# Can room treatment help me here?



## vann_d (Apr 7, 2009)

I'm talking about the dip/peak combo between 200 and 500 Hz. Is this something that can be treated with absorption? What works well in this frequency range? 

I know I have a reflection from the right channel from the fireplace glass because I can see that speaker in it from the listening position. I only have ability to eq in the subwoofer channel.

A little help getting started would be appreciated!


----------



## bpape (Sep 14, 2006)

It's possible that it's treatable but it's relatively broad. A lot depends on the cause.

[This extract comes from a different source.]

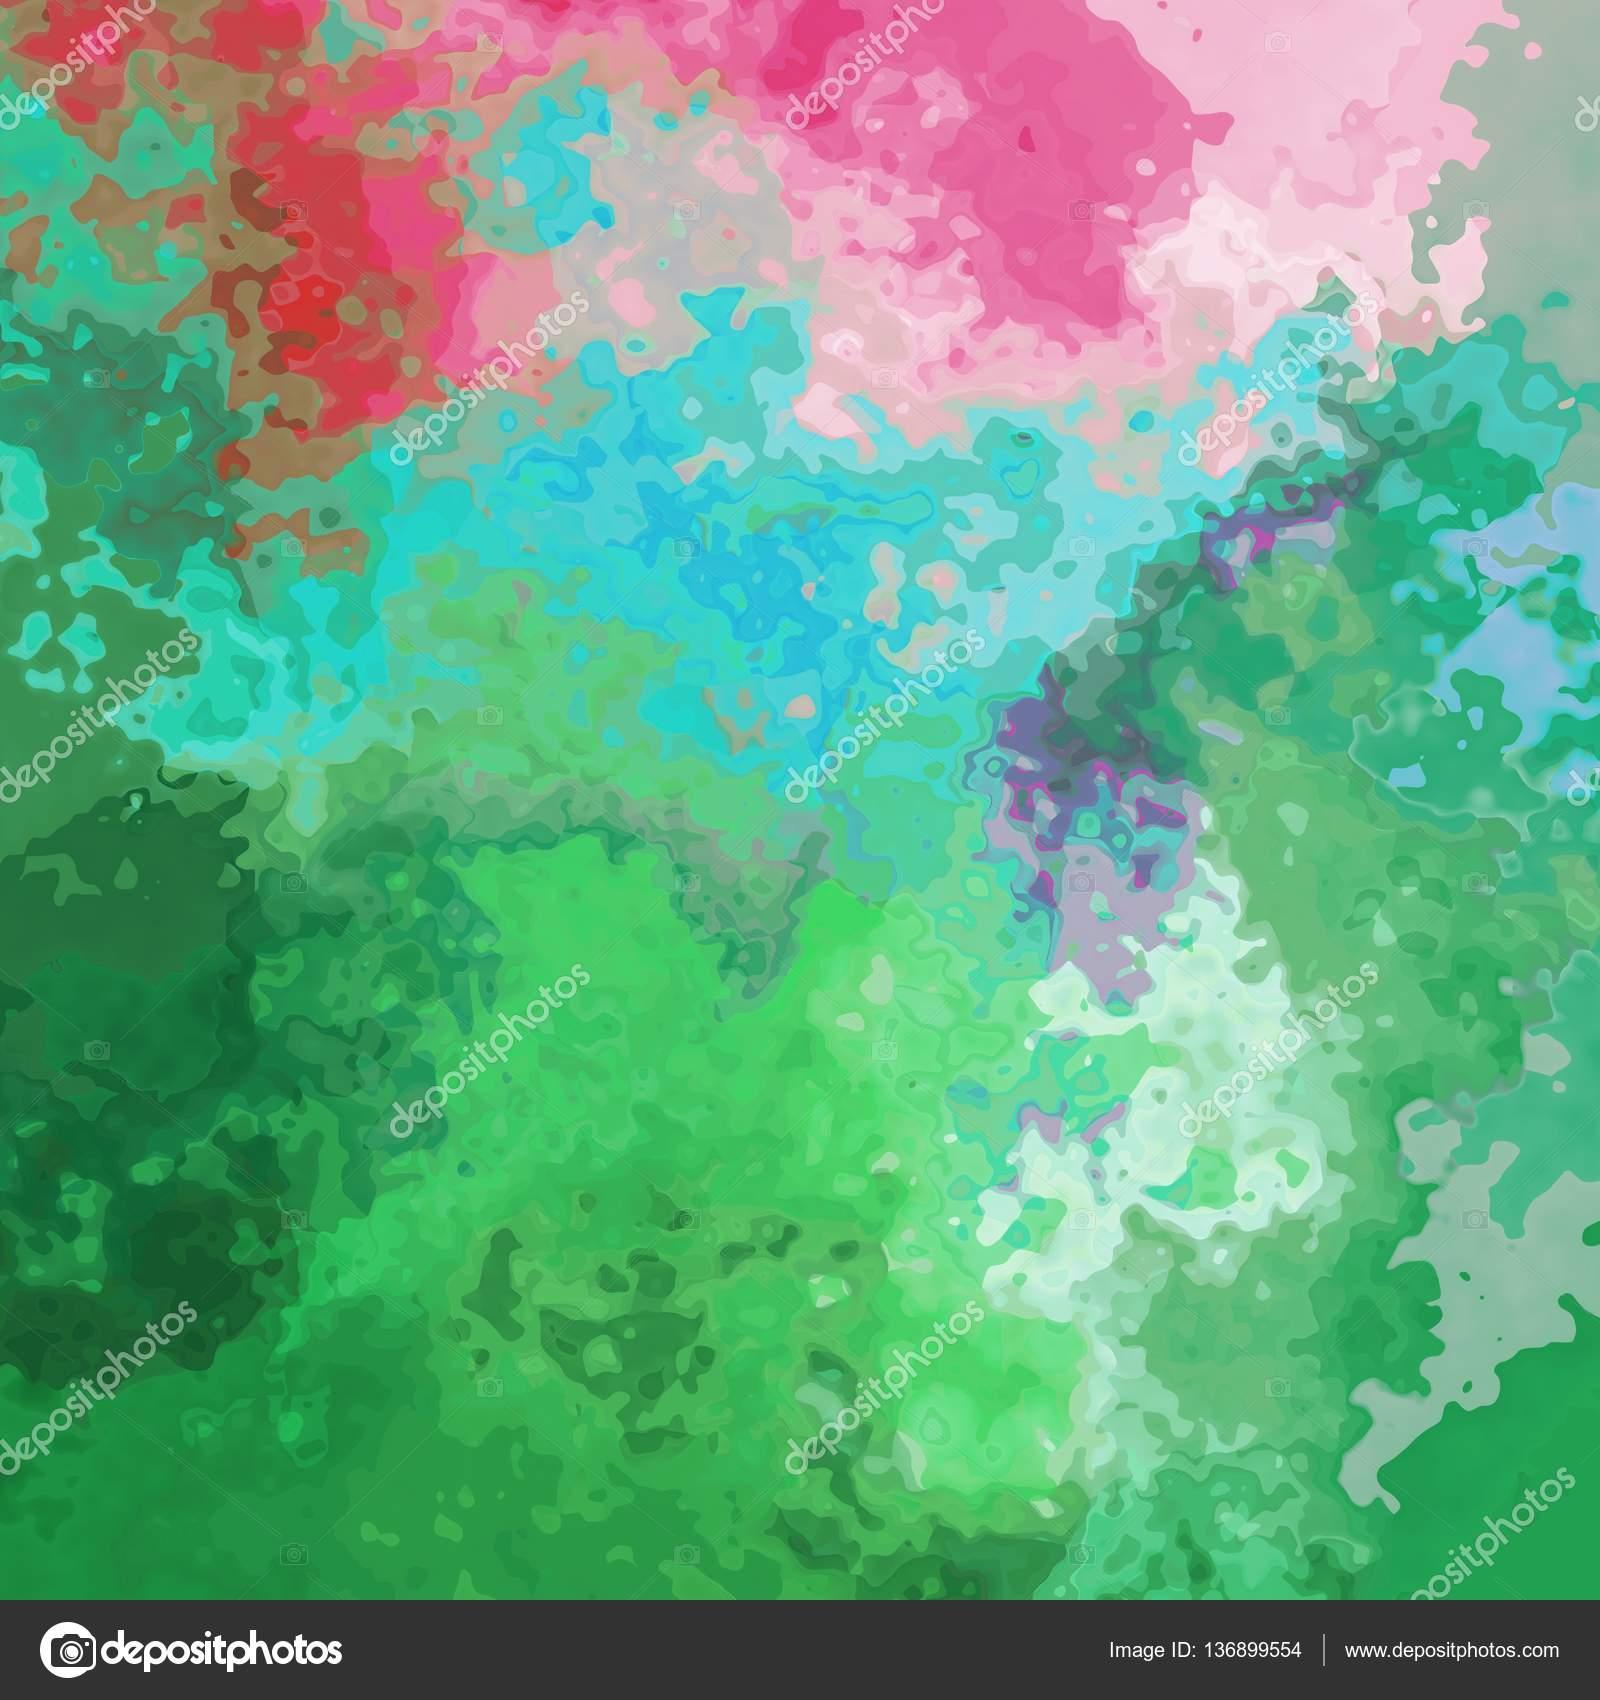 Absztrakt festett minta textúra háttér tavaszi zöld és rózsaszín pasztell  színek a fekete körvonalai - a modern festészet művészet– stock kép 57a586a7db

A lot depends on how you read that graph. If you assume the sub level is a bit hot, the rest smooths out except for a peak at 200 and a peak at 500. Realistically, the whole thing is pretty close to +/-5 db which isn't bad.

Bryan


----------



## vann_d (Apr 7, 2009)

Thanks for the reply. 

Yes the sub is deliberately a little hot as I like it that way.

I guess it is pretty close to +/- 5 dB. Perhaps I was thrown a bit because those peaks look larger than the ripple surrounding areas.

I'm not sure what types (magnitude) of peaks are typically treated. 

Sounds like I shouldn't be concerned. True?


----------



## DanTheMan (Oct 12, 2009)

Check this out: http://dtmblabber.blogspot.com/2010/12/little-more-into-boundary-conditions.html

Looks like your issues may be boundary related. Looks pretty good overall. Would love to see some more graphs from different positions.

Dan


----------



## vann_d (Apr 7, 2009)

Hmm...yeah I was kinda wondering about that bounce off of the fireplace glass. It is a enclosed system and, like I mentioned before, I can see the RF speaker's reflection in the glass. Here's what I get with the calculator...

side wall cancellation calculation comes out at ~220 Hz
83cm speaker to wall
90cm LP to wall
350 cm speaker to LP

floor bounce 1st cancellation ~ 400 Hz
ceiling bounce 1st cancellation ~ 28 Hz (20 ft ceilings)

distance from baffle to front wall ~2.5 feet puts cancellation ~115 Hz

Perhaps I should experiment with some absorption or diffusion in front of the fireplace. Any ideas?

Anyone do this real time using the RTA features of REW?


----------



## DanTheMan (Oct 12, 2009)

Can we have some more graphs and a pic of the listening space?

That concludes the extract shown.